Namun, ketidaksinkronan ini justru ditimbulkan karena
adanya lampiran dari UU Pemerintahan Daerah.
Pada dasarnya, pengaturan mengenai pembagian
kewenangan pusat dan daerah secara umum dalam UU
Pemerintahan Daerah, telah dianut oleh UU Kehutanan.
Dimana, kewenangan ini dipengaruhi oleh lokasi,
penggunaan, manfaat, dan urusan strategis.

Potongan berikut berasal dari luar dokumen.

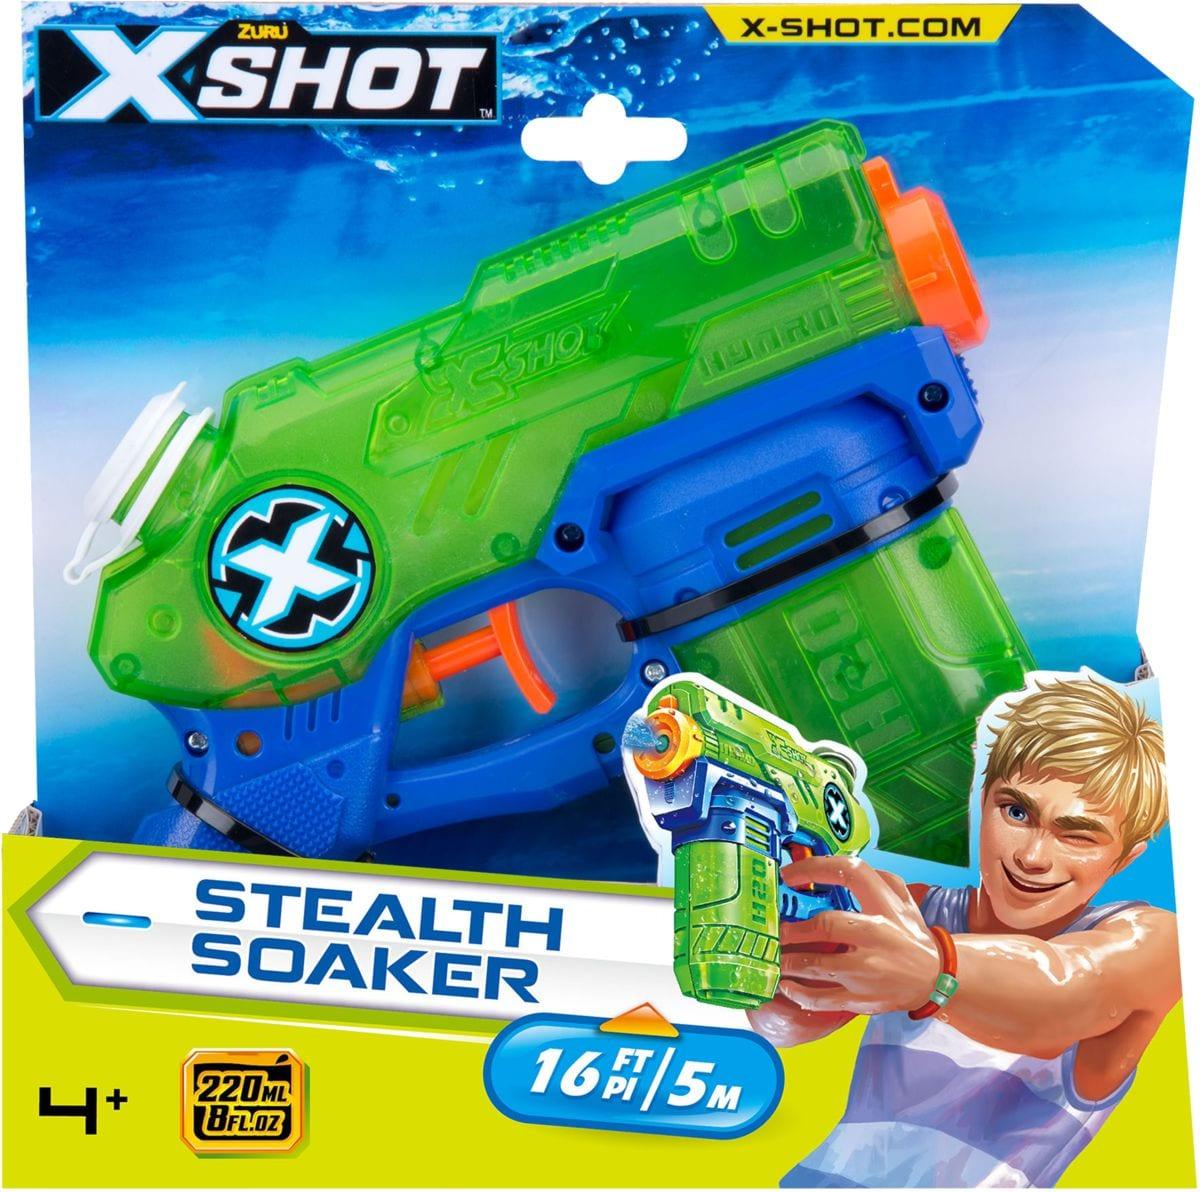 X-Shot Stealth Soaker Blaster

UU Kehutanan beserta peraturan pelaksananya telah
memberikan lahan yang jelas bagi masing-masing
kewenangan. Kewenangan tersebut disesuaikan dengan
kawasan dan arealnya. Jadi, kewenangan terhadap suatu
daerah diberikan kepada bupati/walikota setempat,
apabila lintas kabupaten/kota diberikan kepada
Gubernur, dan apabila lintas provinsi diberikan kepada
Menteri, dengan pengecualian pemberian Izin Usaha
Pemanfaatan Hasil Hutan Hasil Kayu (IUPHHHK) yang
diberikan khusus oleh Menteri dengan pertimbangan
Gubernur yang didapat dari pertimbangan
bupati/walikota. Hal ini tentu saja sudah sesuai dengan
prinsip-prinsip umum yang dianut dalam pembagian
19
kewenangan antara pemerintah pusat dan pemerintah
daerah.
Namun, yang menjadi masalah adalah Pasal 14 dari
UU Pemerintahan Daerah yang menyatakan bahwa:
(1) Penyelenggaraan Urusan Pemerintahan bidang
kehutanan, kelautan, serta energy dan sumber
daya mineral dibagi antara Pemerintah Pusat dan
Daerah Provinsi.
(2) Urusan Pemerintahan bidang kehutanan
sebagaimana dimaksud pada ayat (1) yang
berkaitan dengan pengelolaan taman hutan raya
kabupaten/kota menjadi kewenangan Daerah
kabupaten/kota.
Dan Pasal 15 UU Pemerintahan Daerah, yaitu:
(1) Pembagian urusan pemerintahan konkuren antara
Pemerintah Pusat dan Daerah provinsi serta
Daerah kabupaten/kota tercantum dalam Lampiran
yang merupakan bagian yang tidak terpisahkan
dari Undang-Undang ini.
Dari pasal-pasal diatas dan juga lampiran dari UU
Pemerintahan Daerah, dapat dilihat bahwa daerah
kabupaten/kota tidak memiliki kewenangan sama sekali
kecuali mengenai pengelolaan taman hutan raya
kabupaten/kota. Berbeda halnya dengan yang diatur oleh
UU Kehutanan, bahwa Bupati/Walikota memiliki kewenangan
20
dalam wilayahnya. Di dalam UU Kehutanan, prinsip
otonomi daerah pada tingkat kabupaten/kota
terimplimentasi dengan baik. Berbeda halnya dengan
peraturan pengecualian dalam Pasal 14, Pasal 15, dan
Lampiran UU Pemerintahan Daerah, yang mengkerdilkan
kewenangan Bupati/Walikota.
Di dalam lampiran UU Pemerintahan Daerah juga
dapat terlihat bahwa mengenai pengawasan kehutanan,
dilakukan oleh Pemerintah Pusat. Padahal, di dalam UU
Kehutanan juga disebutkan bahwa Pemerintah Daerah juga
wajib melaksanakan pengawasan.
Dari beberapa penjelasan diatas, dapat dilihat
bahwa sebenarnya UU Pemerintahan Daerah dan UU Kehutana
ini sudah berjalan dengan prinsip umum yang sama yaitu
otonomi daerah. Namun, penjabarannya di dalam lampiran
UU Pemerintahan Daerah mengakibatkan ketidakjelasan dan
ketidaksinkronan pengaturan mengenai kehutanan antara
pusat dan daerah. Sehingga, lampiran UU ini malah
membuat kebingungan pengaturan dalam sektor kehutanan.